[Information shown Boundary: Start]

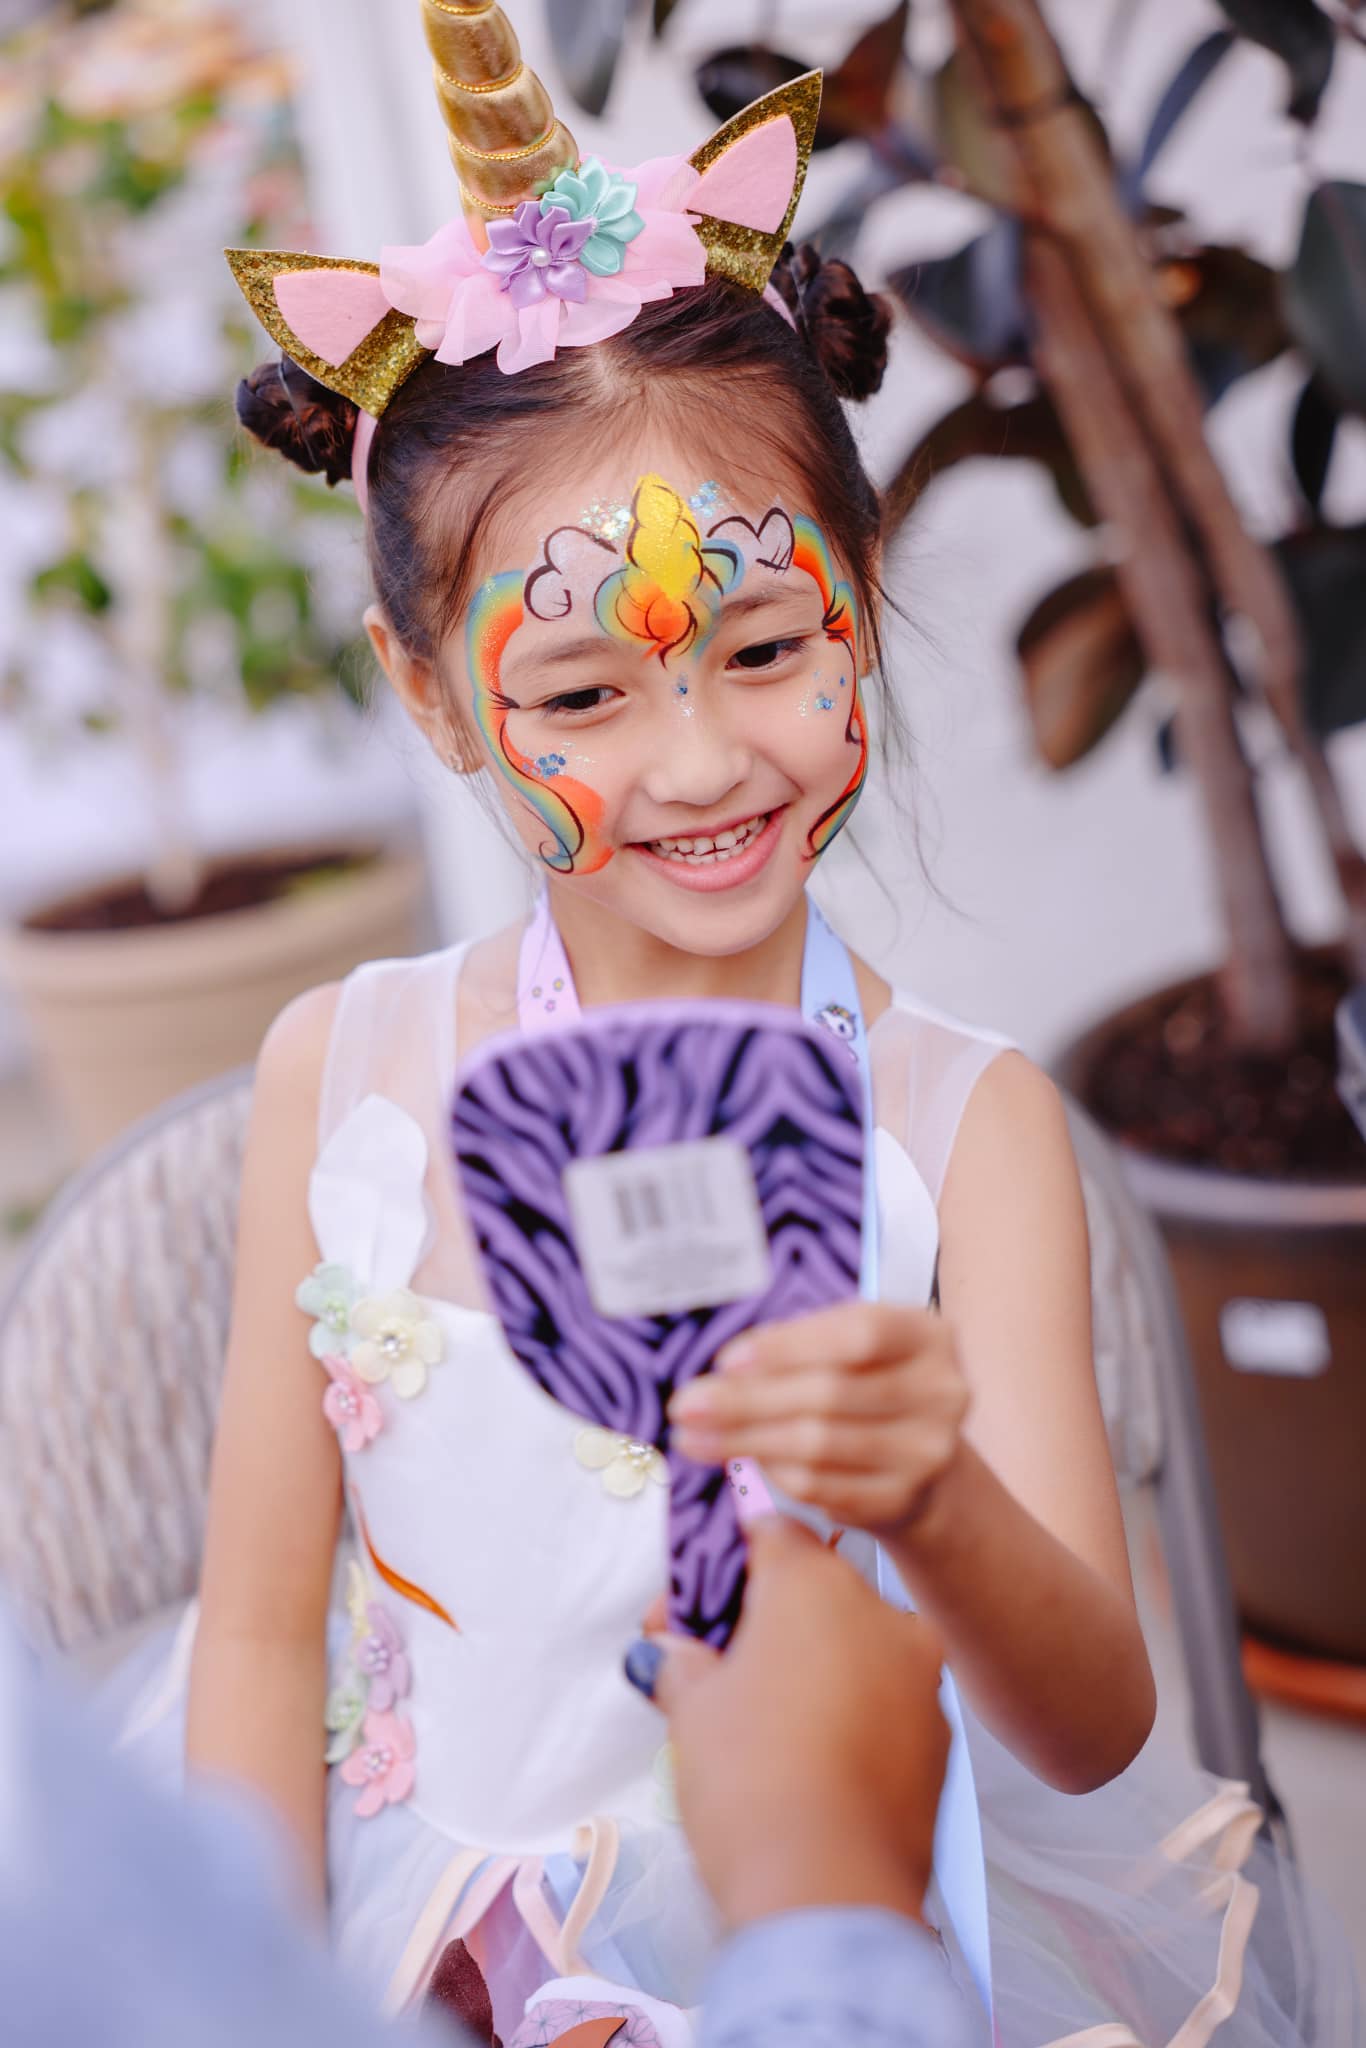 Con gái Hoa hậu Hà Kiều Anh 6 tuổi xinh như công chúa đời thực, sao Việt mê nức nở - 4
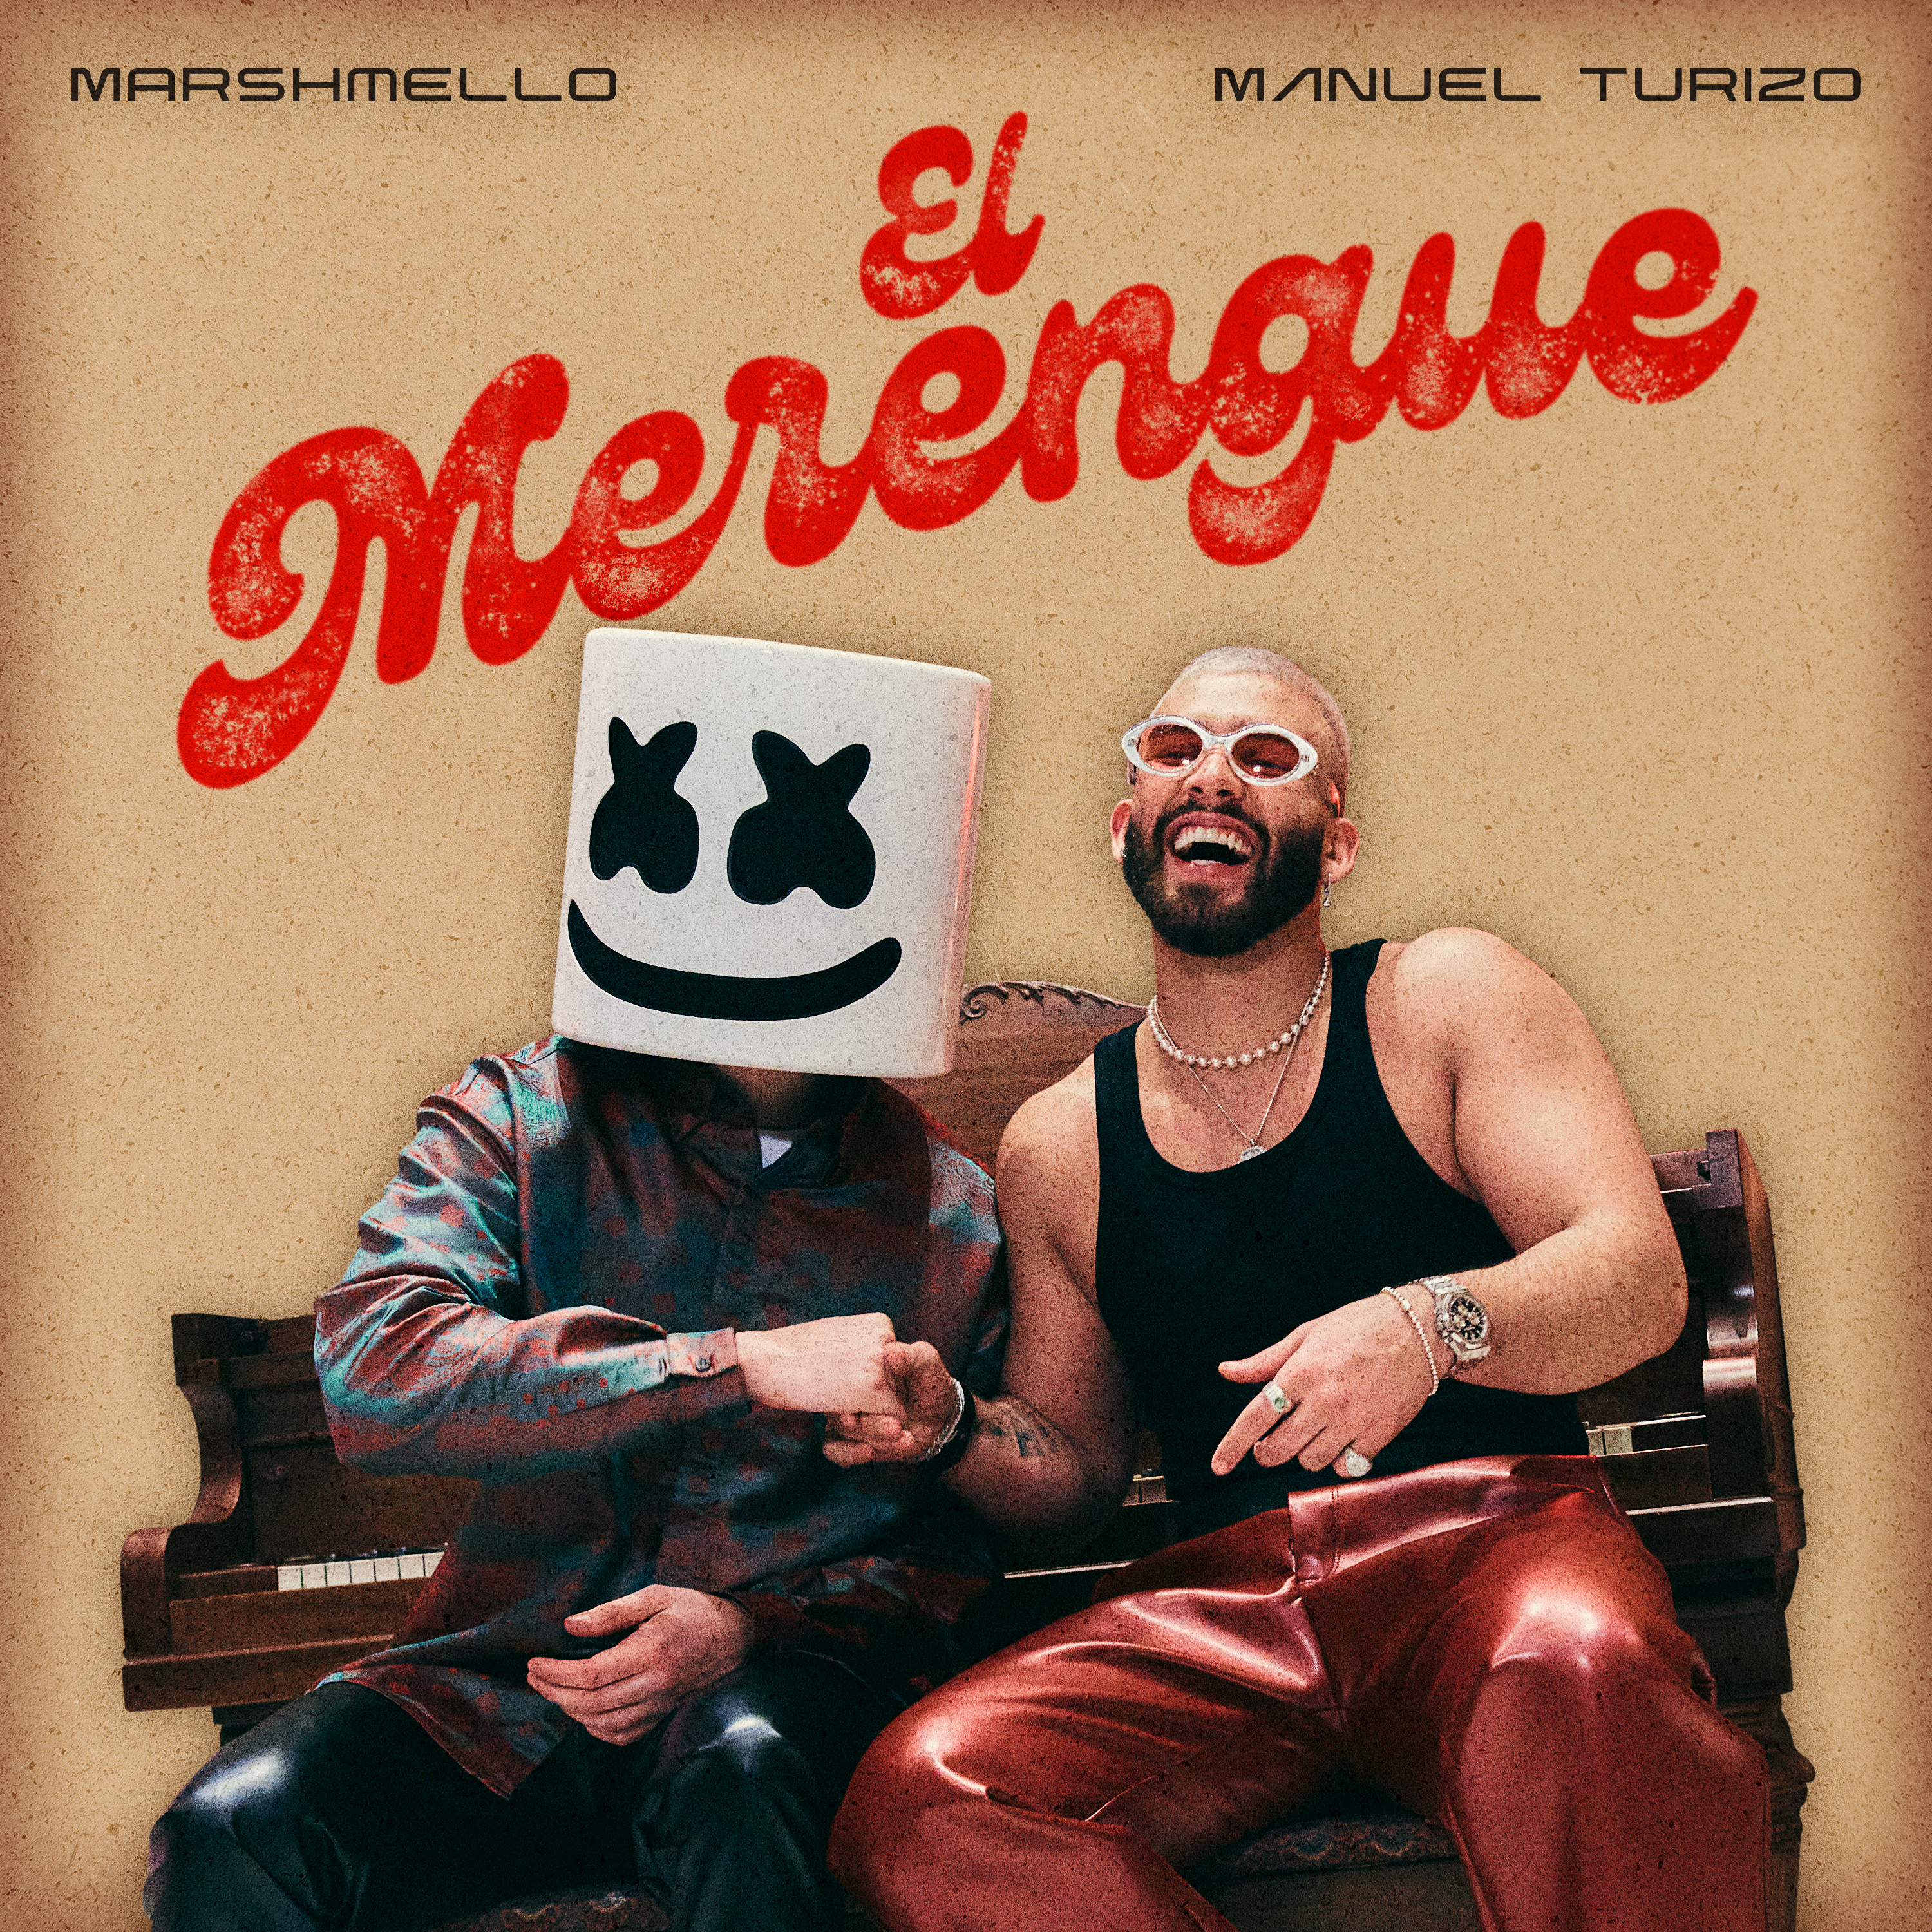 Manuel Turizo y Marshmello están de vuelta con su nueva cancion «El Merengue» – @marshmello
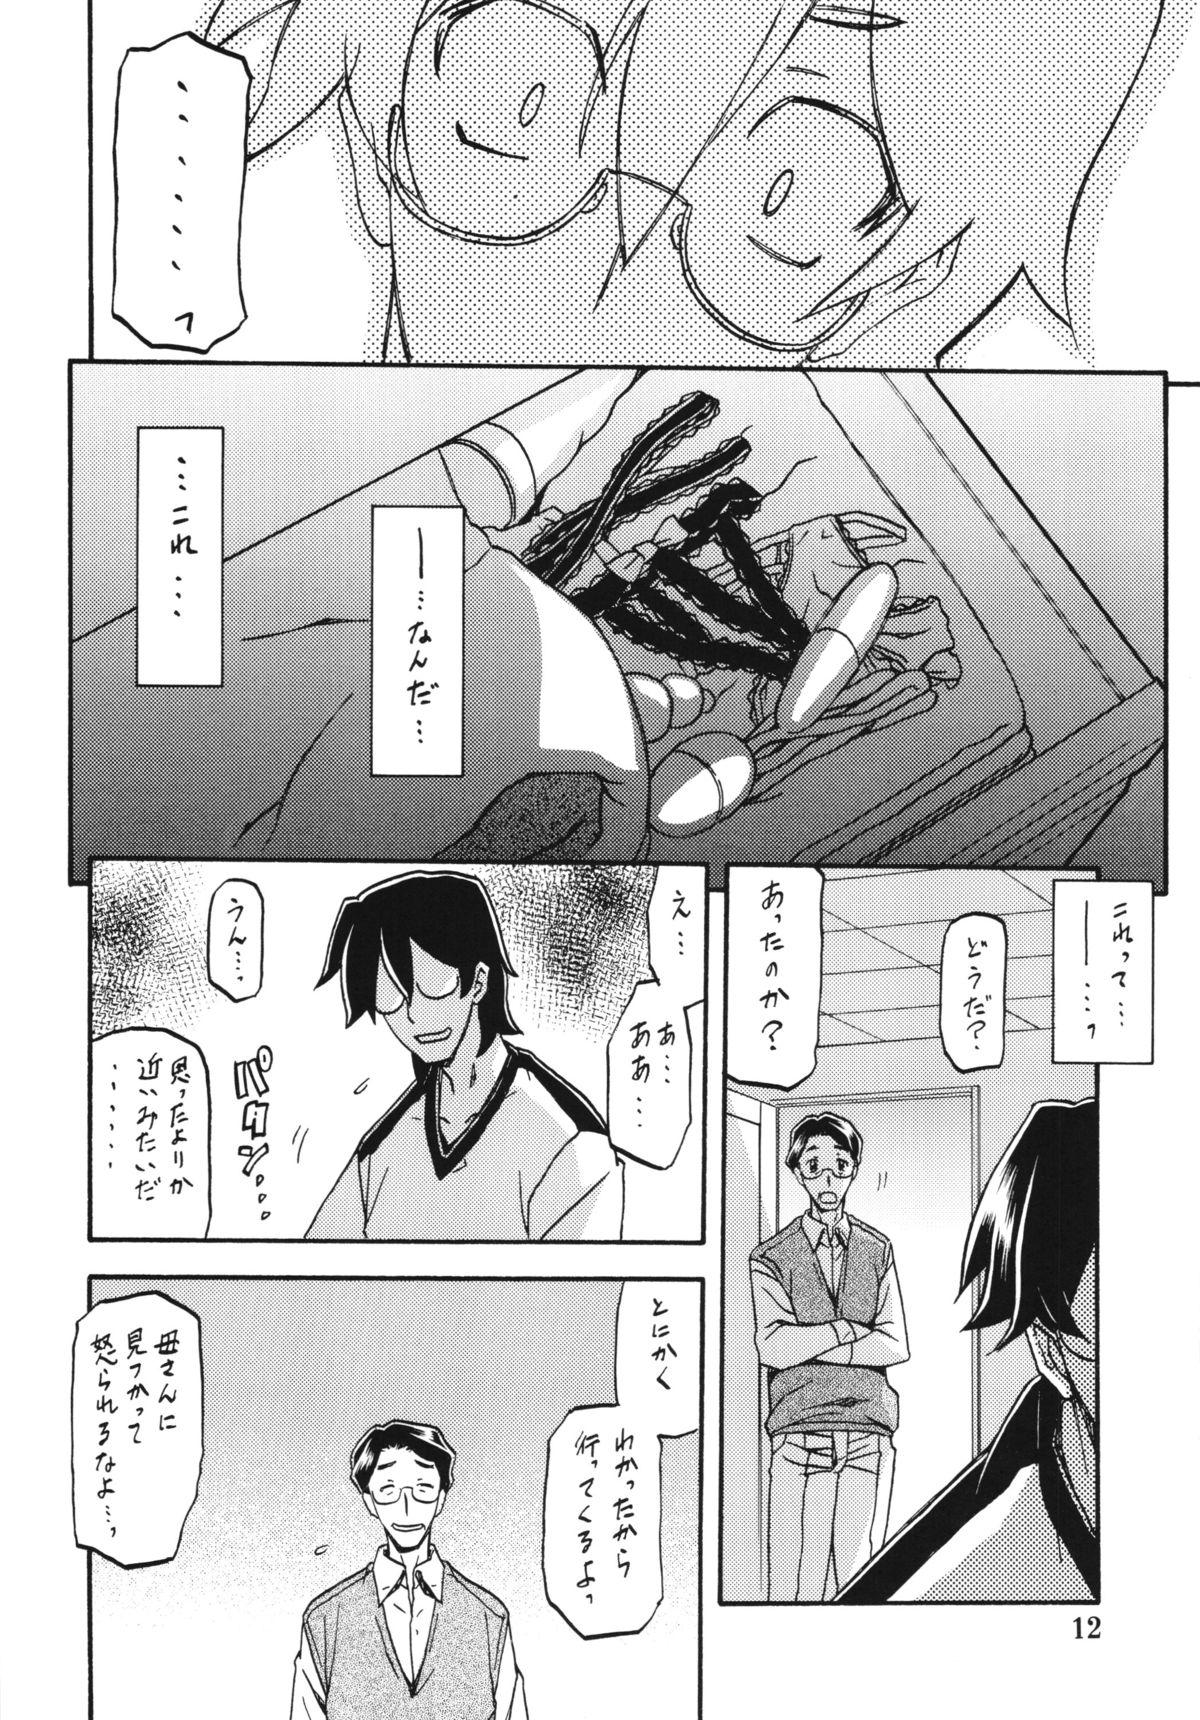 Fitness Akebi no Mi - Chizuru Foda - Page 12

[Information shown Boundary: End]

Line by line, reproduce the material above exactly, leaving each picture out.

 Con gái Hoa hậu Hà Kiều Anh 6 tuổi xinh như công chúa đời thực, sao Việt mê nức nở - 4
 Manuel Turizo y Marshmello están de vuelta con su nueva cancion «El Merengue» – @marshmello
 Fitness Akebi no Mi - Chizuru Foda - Page 12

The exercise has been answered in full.